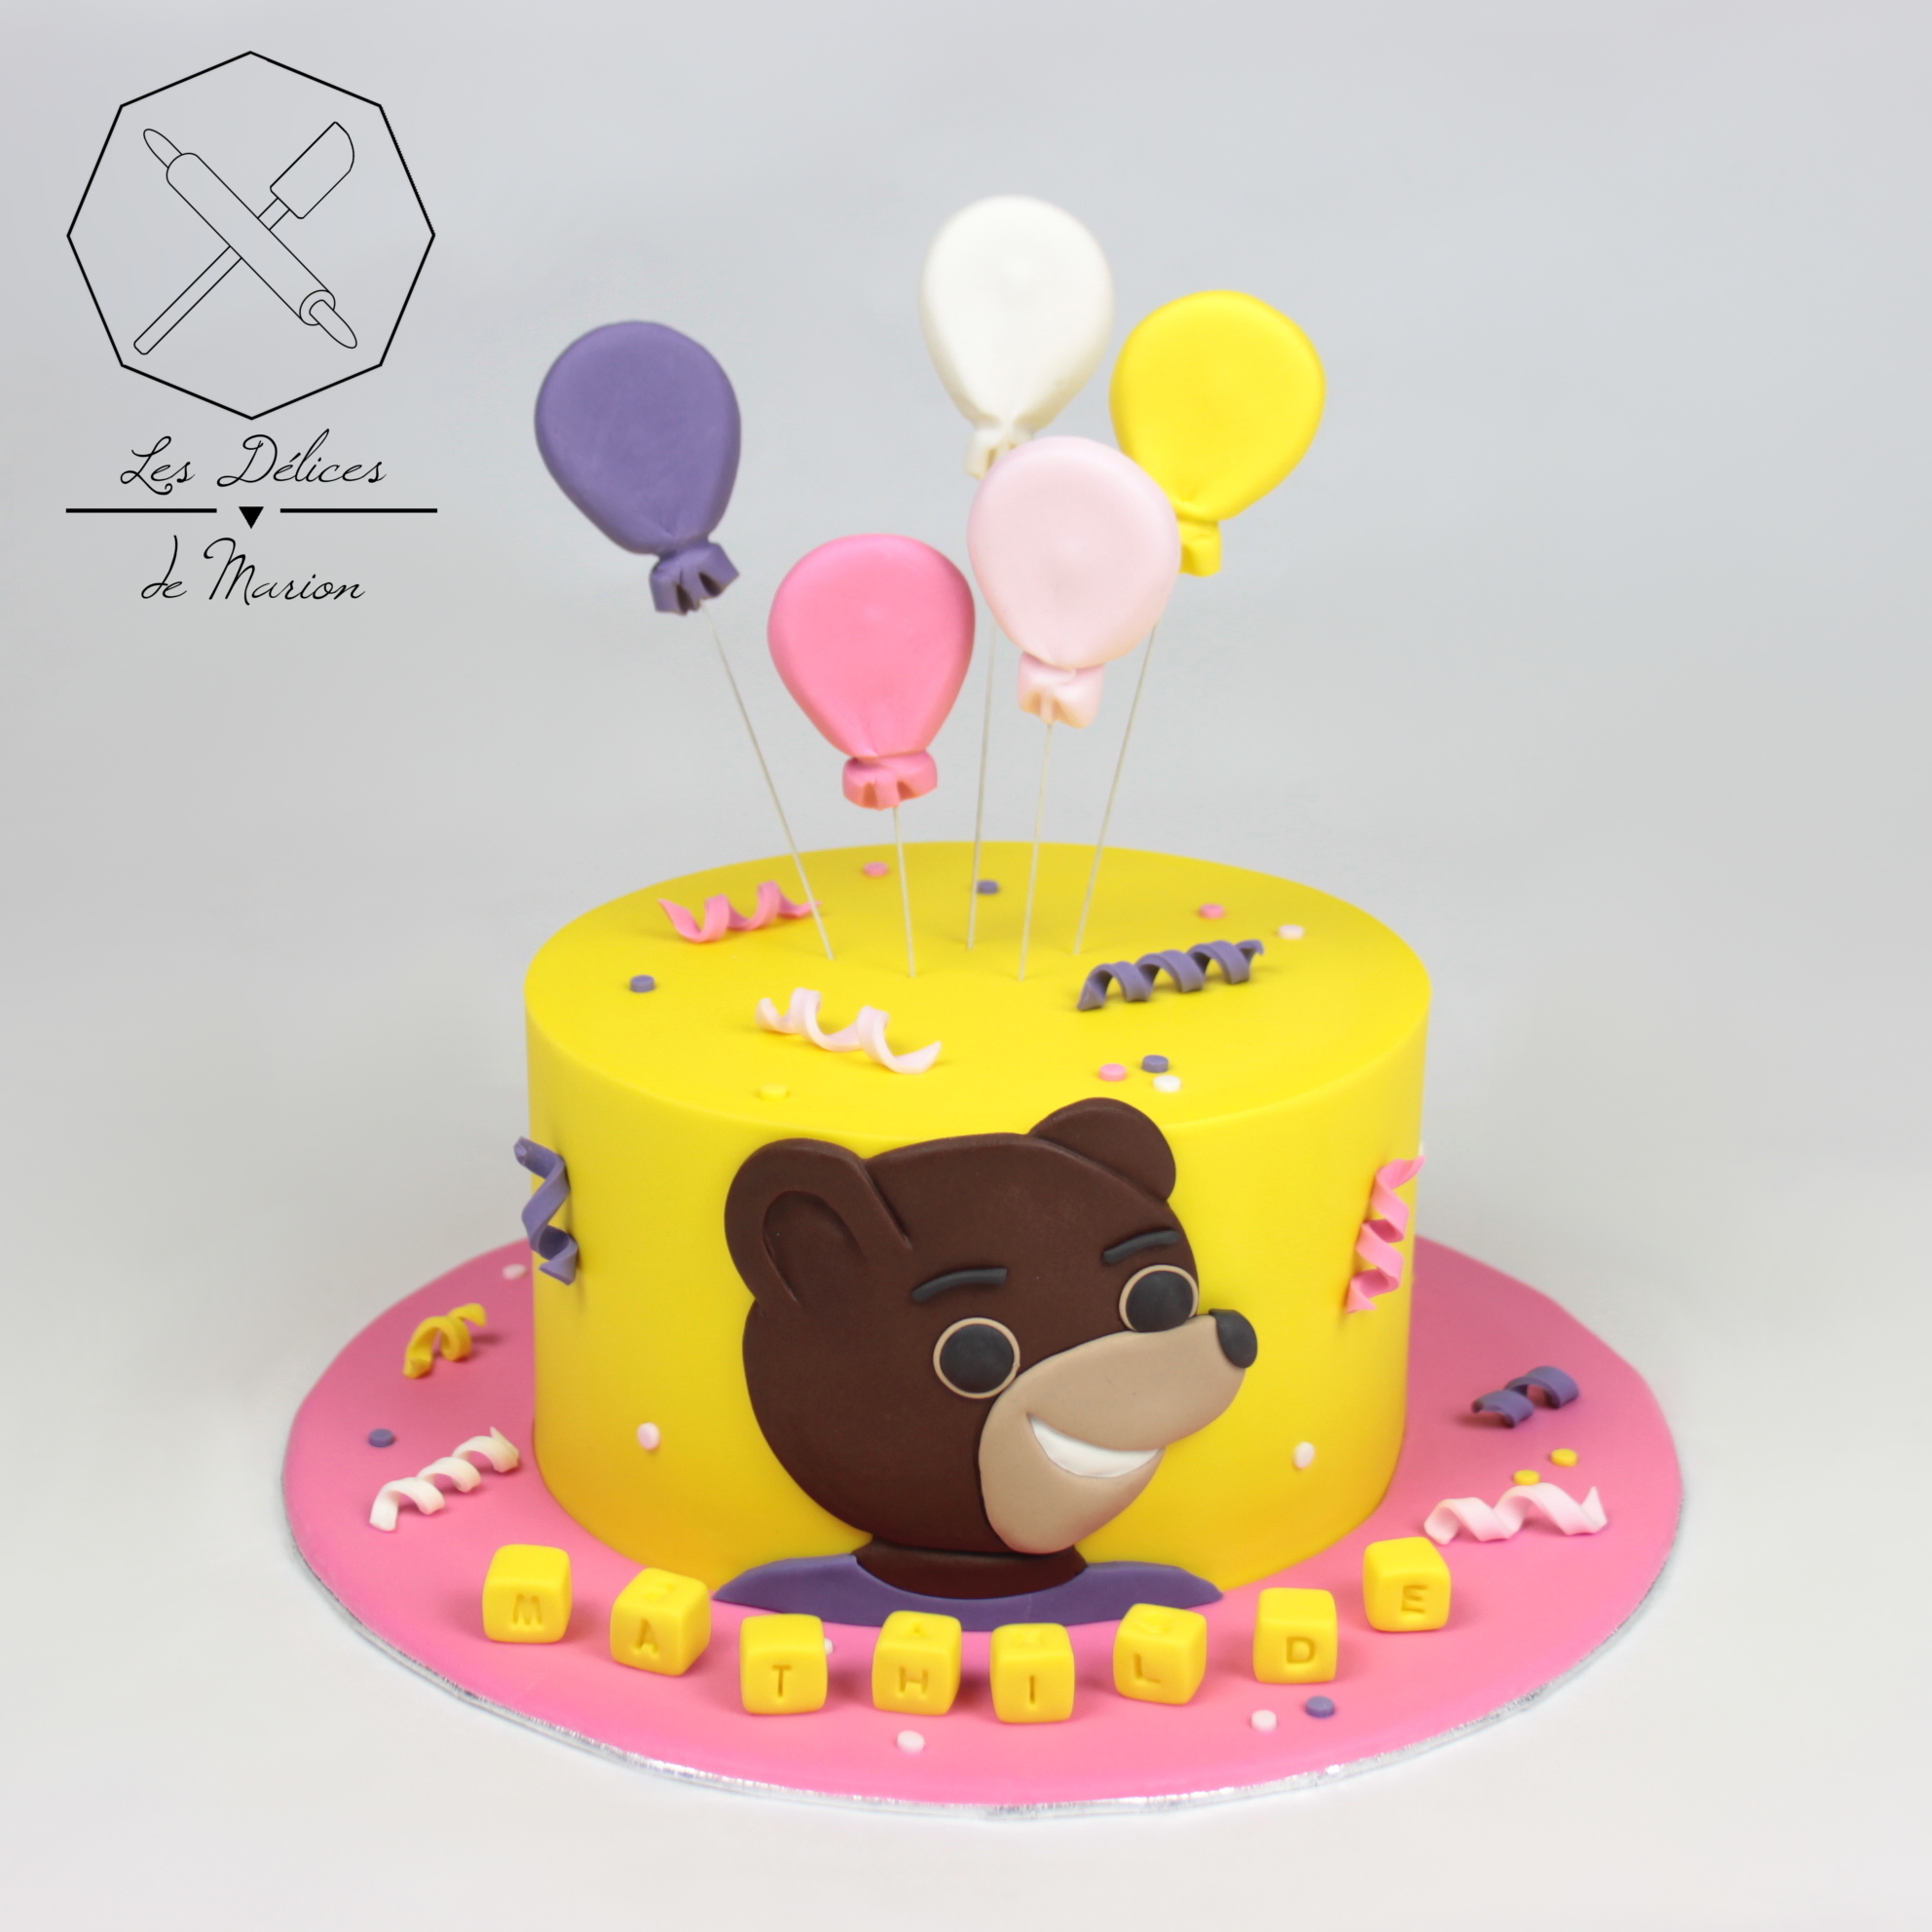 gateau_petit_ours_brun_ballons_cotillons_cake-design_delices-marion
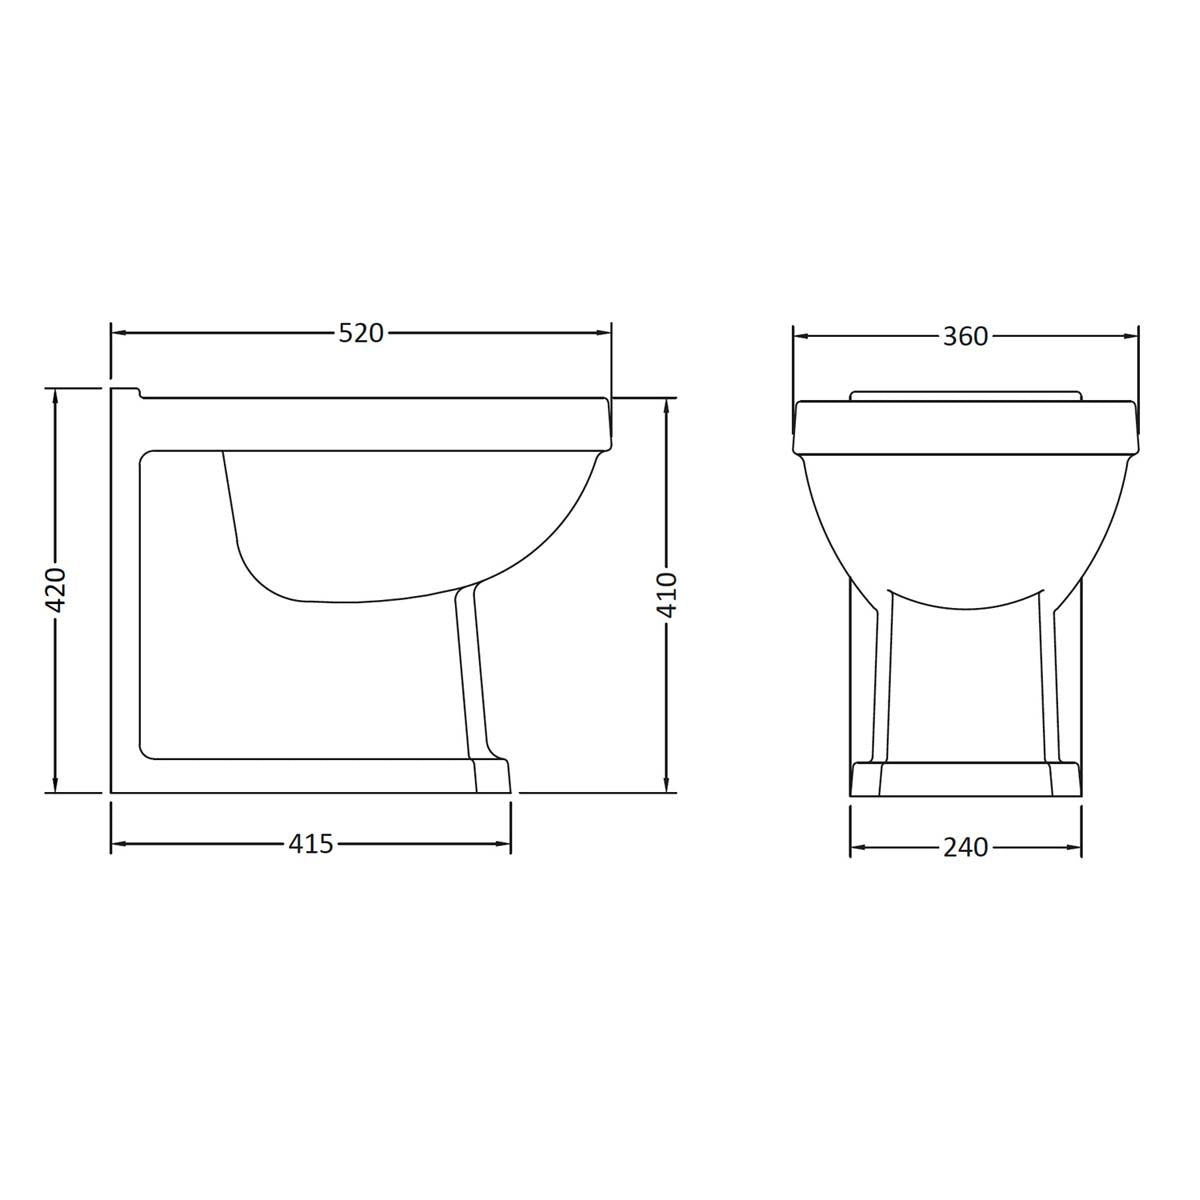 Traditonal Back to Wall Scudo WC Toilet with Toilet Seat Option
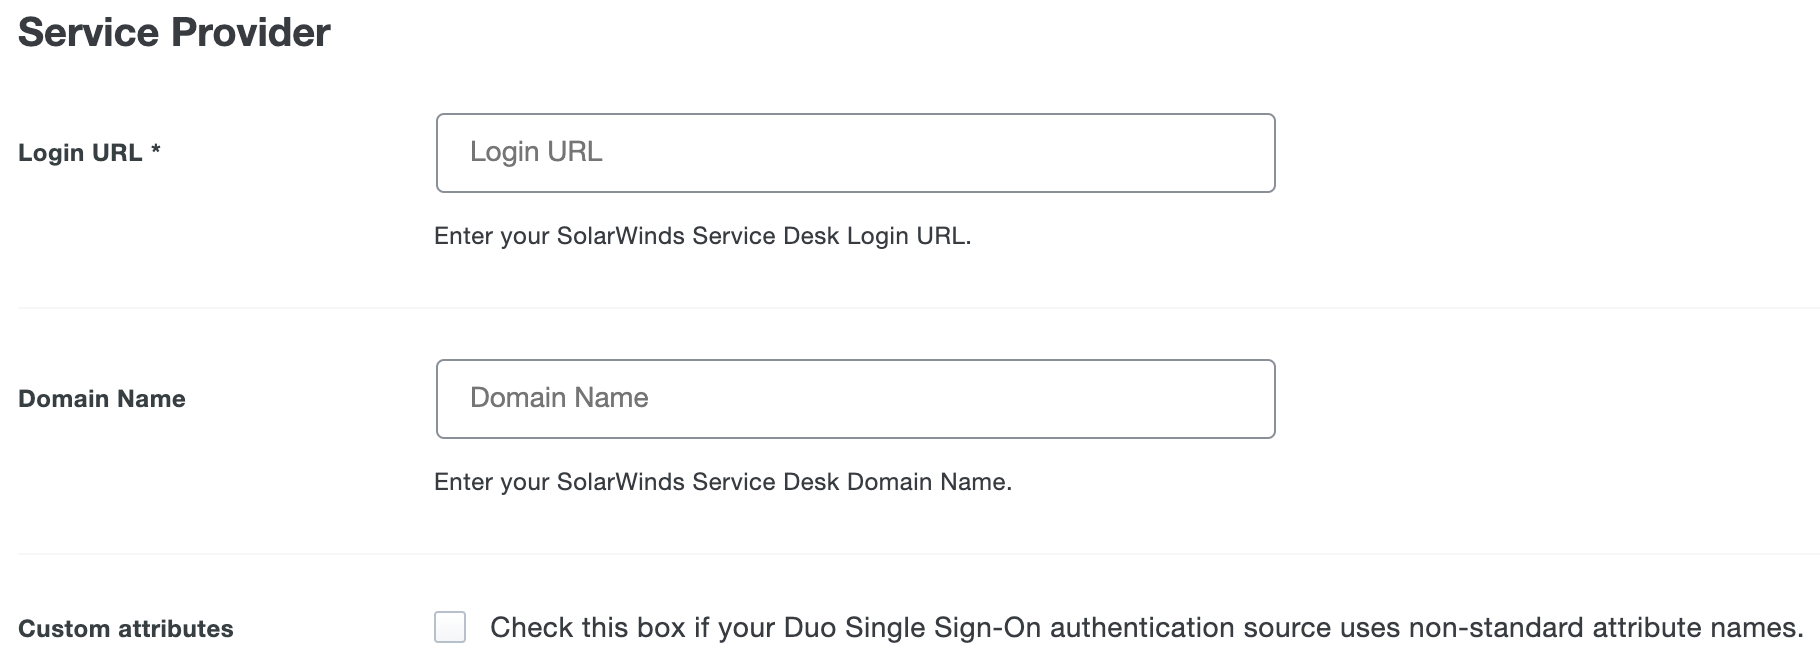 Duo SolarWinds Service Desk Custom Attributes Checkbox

§ ABOUT THIS TASK: Retype each line of the listing above word for word. Exclude the pictures.

§ RESPONSE:
 gateau_petit_ours_brun_ballons_cotillons_cake-design_delices-marion
 Traditonal Back to Wall Scudo WC Toilet with Toilet Seat Option
 Duo SolarWinds Service Desk Custom Attributes Checkbox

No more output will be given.